# Work request
Set down the data below exactly; pictures stay out.

# Stored data
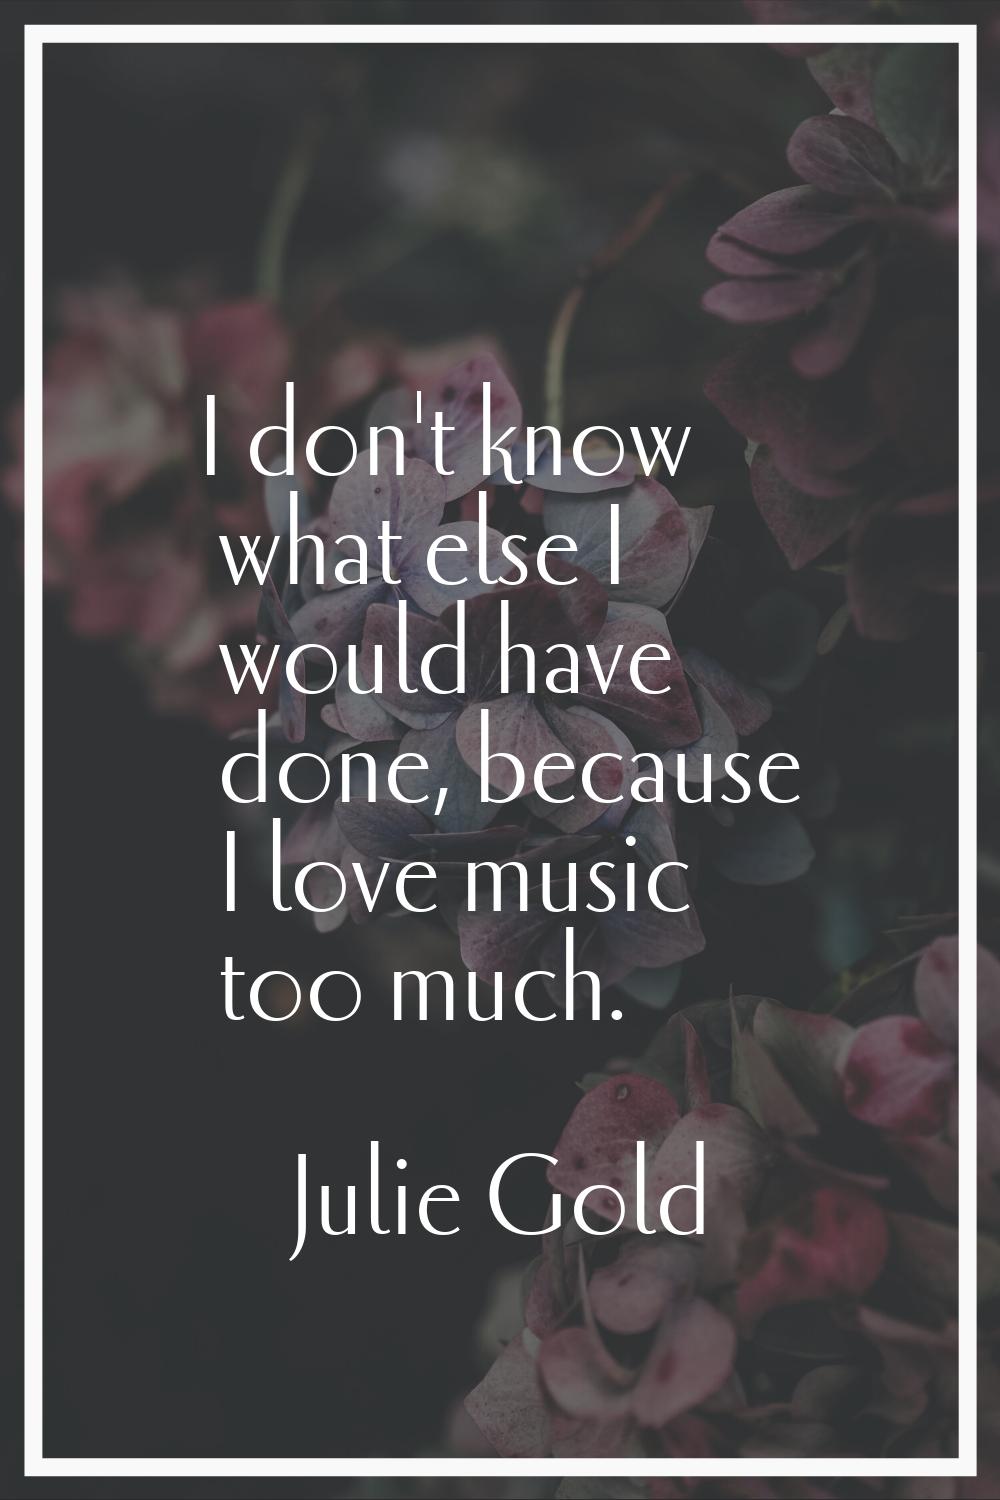 I don't know what else I would have done, because I love music too much.
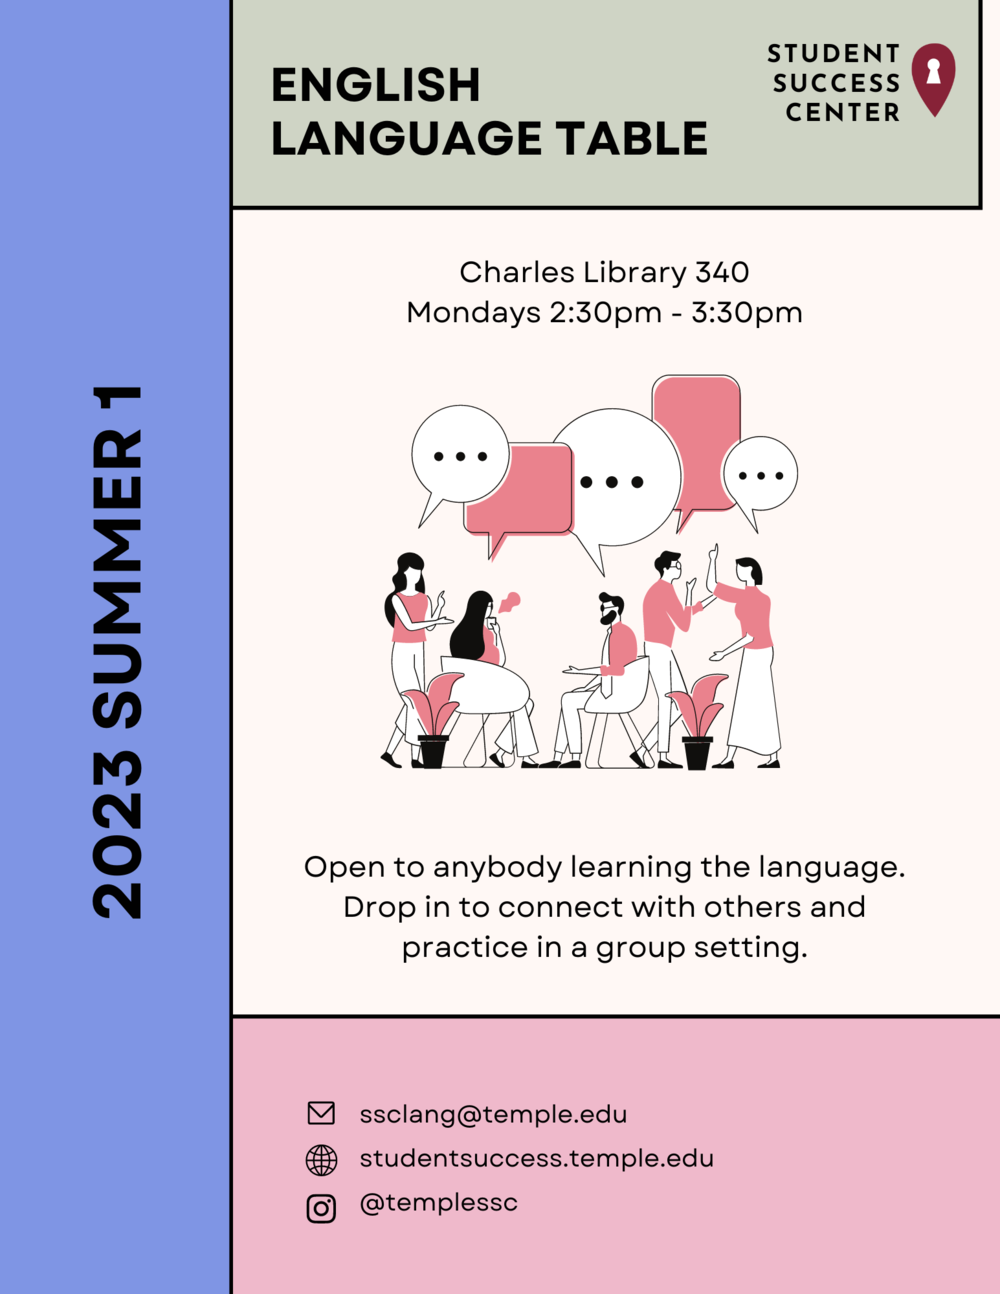 Flyer for English table shows in image of people chatting and provides the time and place for the table
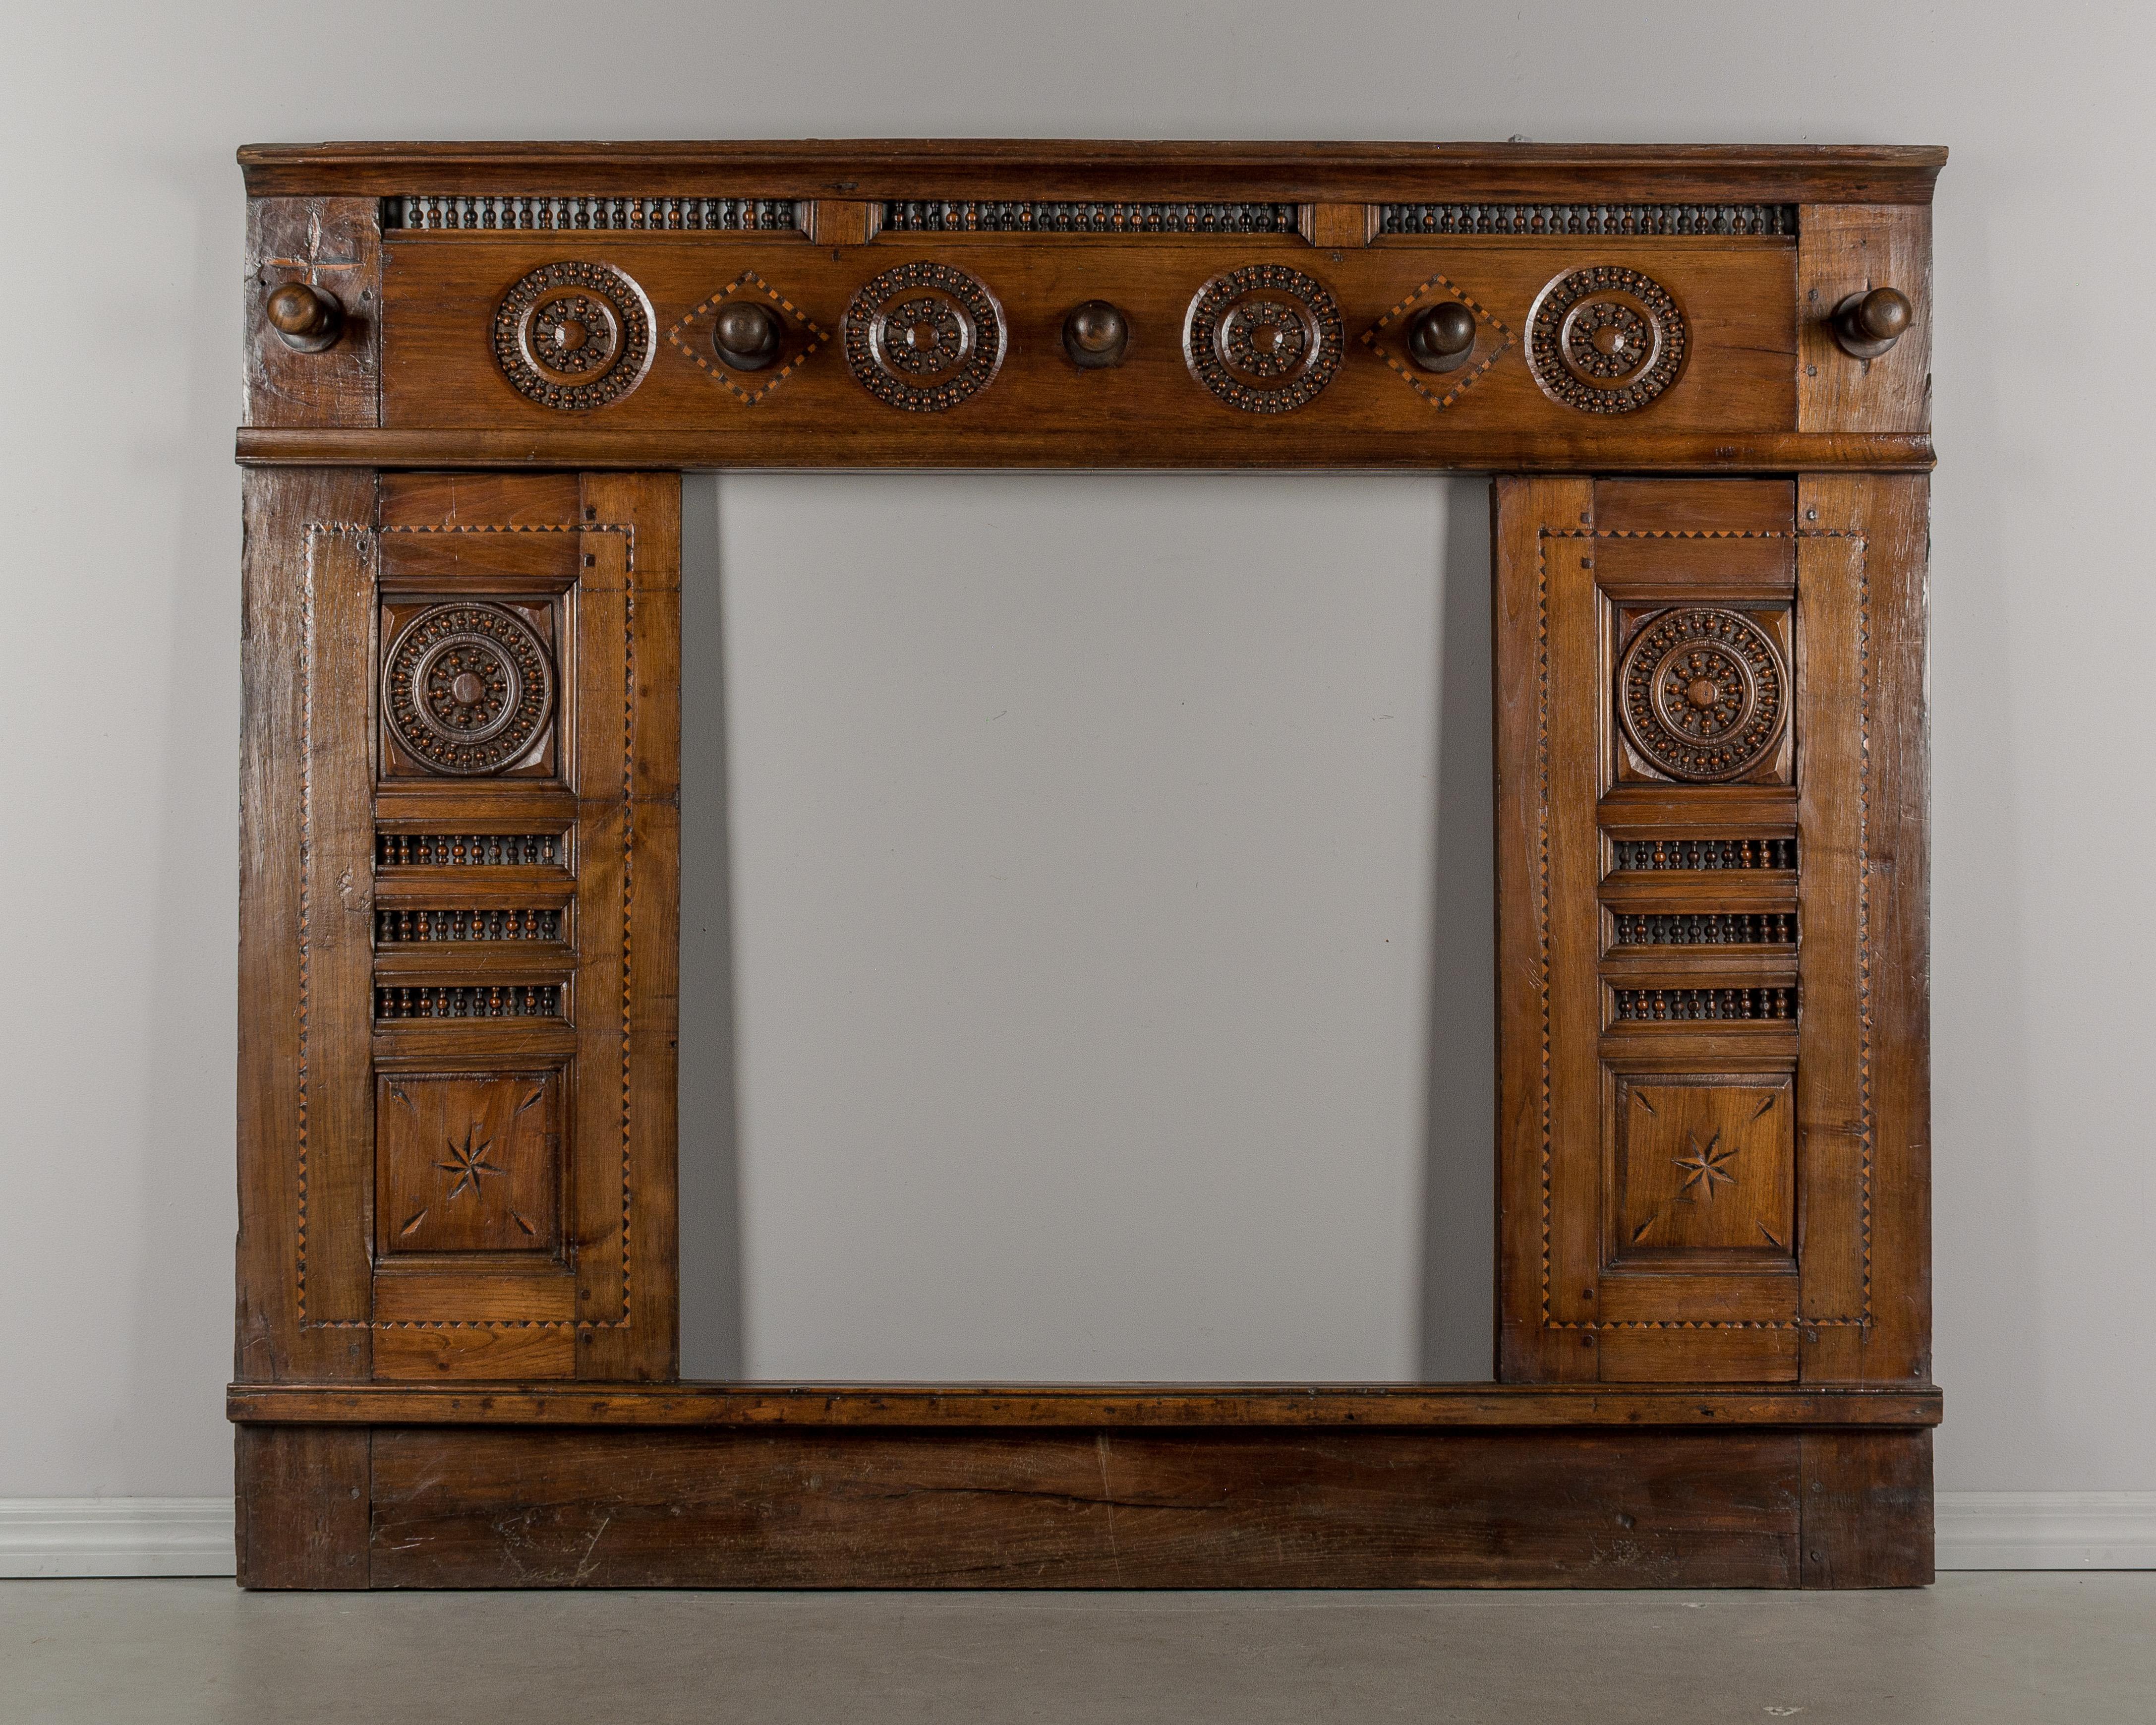 An early 19th century French hall tree made of chestnut. This was originally the front framework of a traditional Brittany lit clos (enclosed bed). The cabinet doors have been removed and five large pegs were added at the top to hang coats and hats.

# Task answer
 I don't know what else I would have done, because I love music too much.
 Flyer for English table shows in image of people chatting and provides the time and place for the table
 An early 19th century French hall tree made of chestnut. This was originally the front framework of a traditional Brittany lit clos (enclosed bed). The cabinet doors have been removed and five large pegs were added at the top to hang coats and hats.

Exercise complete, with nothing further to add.